Data section:
§

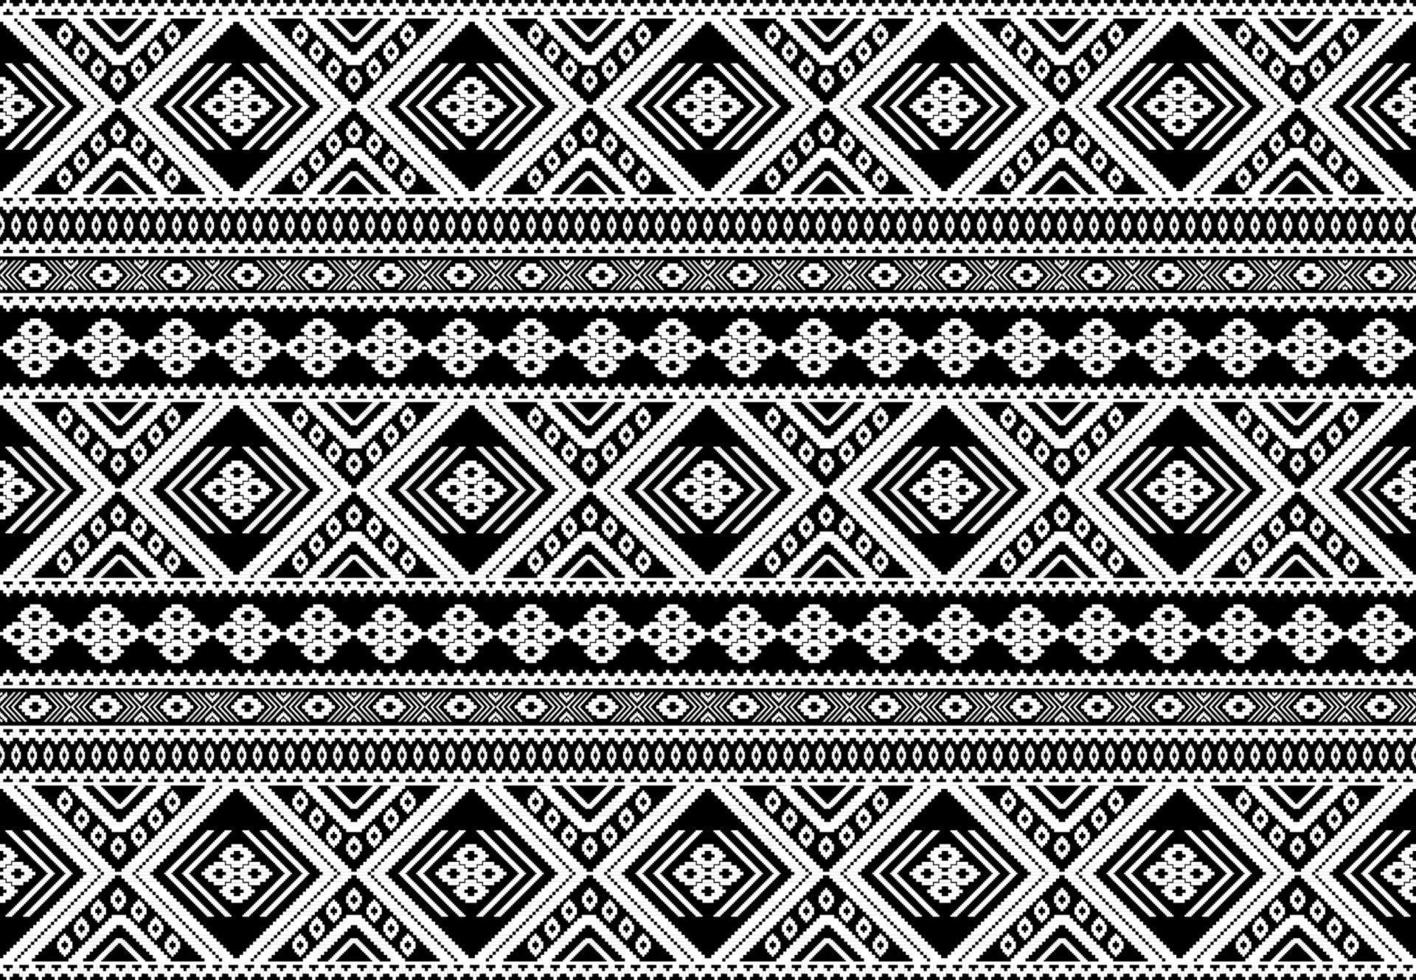 padrão sem emenda étnico asteca. geométrico ikat tradicional nativo. design para plano de fundo,tapete,papel de parede,vestuário,embrulho,batic,tecido,vetor estilo illustraion.embroidery. vetor
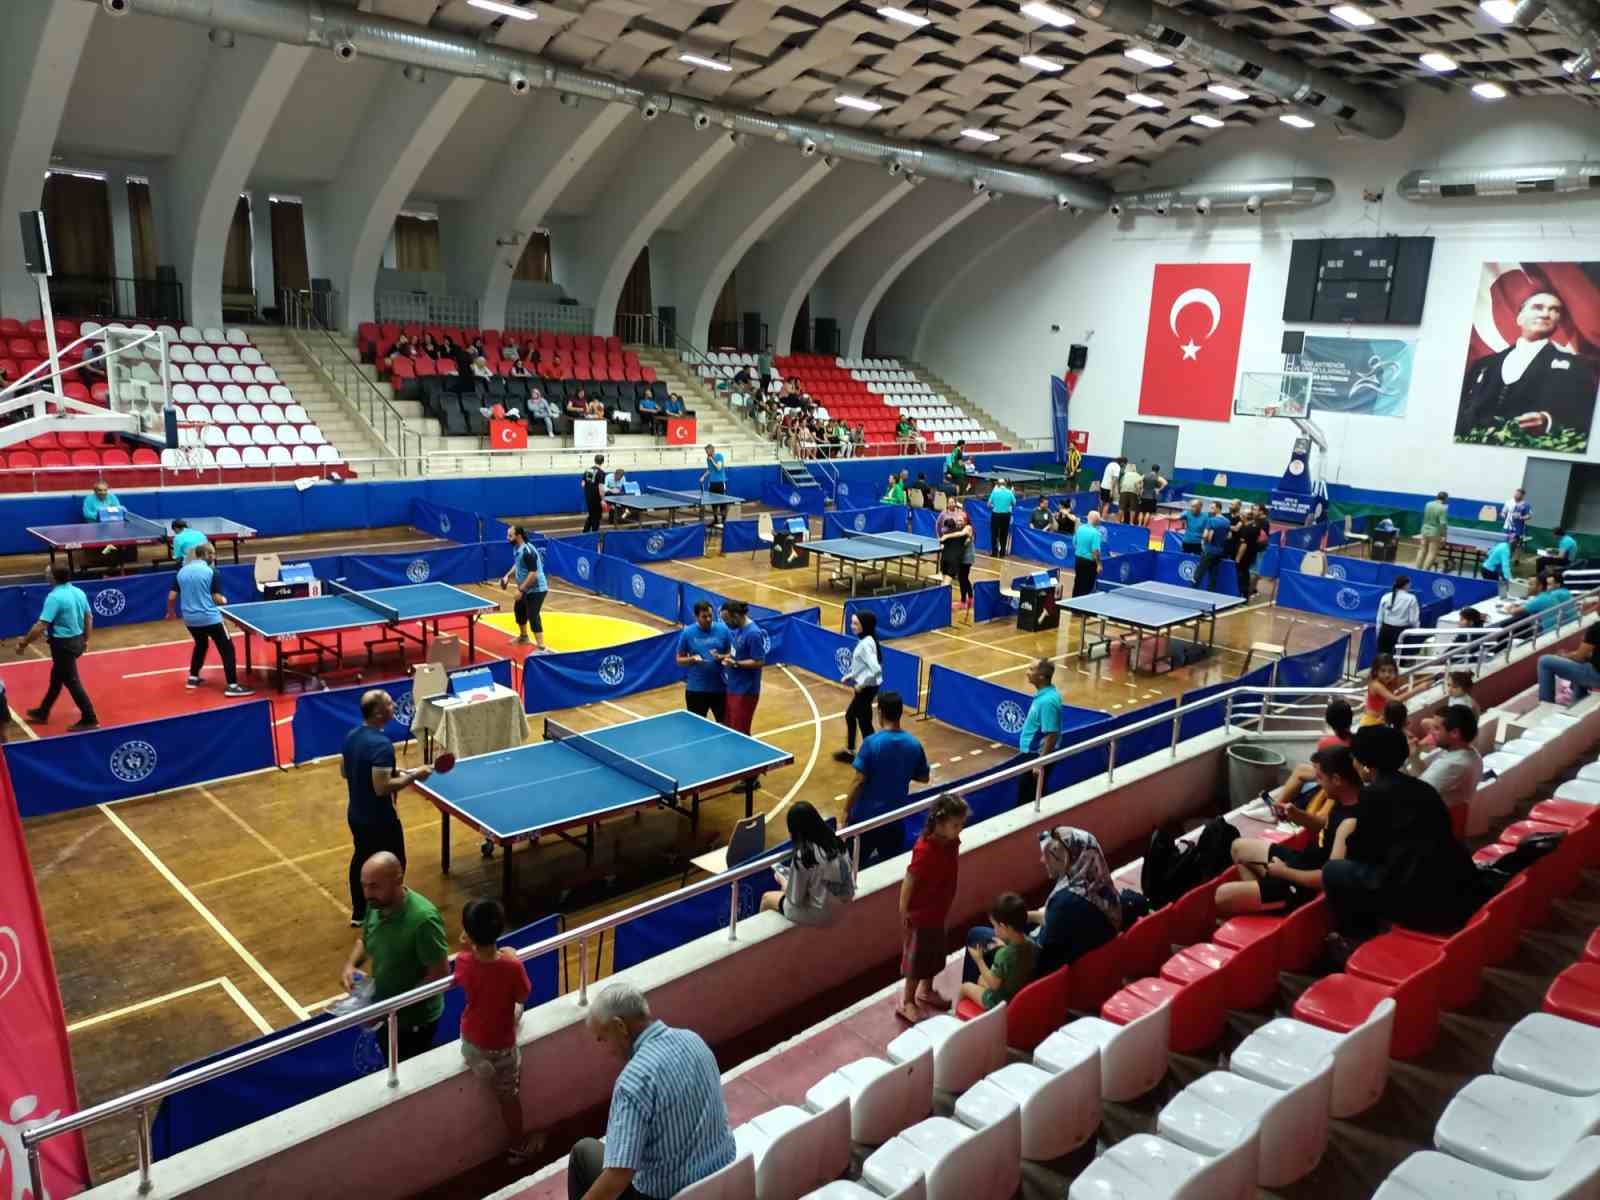 Aydın’da Kamu Kurumlar Arası Spor Oyunları devam ediyor
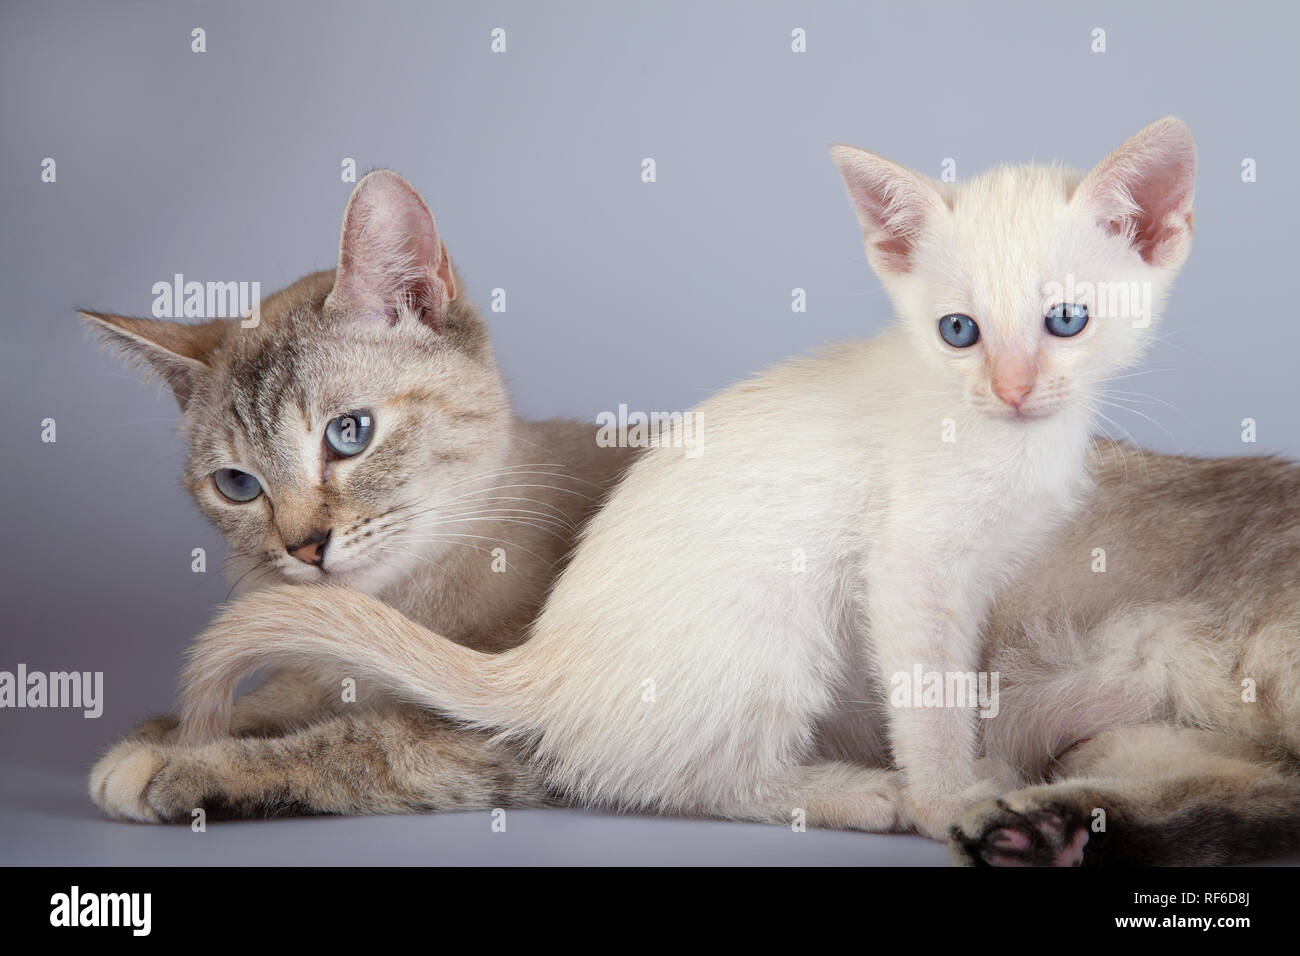 Un gatto siamese gatto su uno sfondo bianco, adulti siam tabby point con punto rosso kitty Foto Stock

§

Problem to work on: A word-for-word transcription of the listing is needed, minus its images.

Answer box:
 padrão sem emenda étnico asteca. geométrico ikat tradicional nativo. design para plano de fundo,tapete,papel de parede,vestuário,embrulho,batic,tecido,vetor estilo illustraion.embroidery. vetor
 Aydın’da Kamu Kurumlar Arası Spor Oyunları devam ediyor
 Un gatto siamese gatto su uno sfondo bianco, adulti siam tabby point con punto rosso kitty Foto Stock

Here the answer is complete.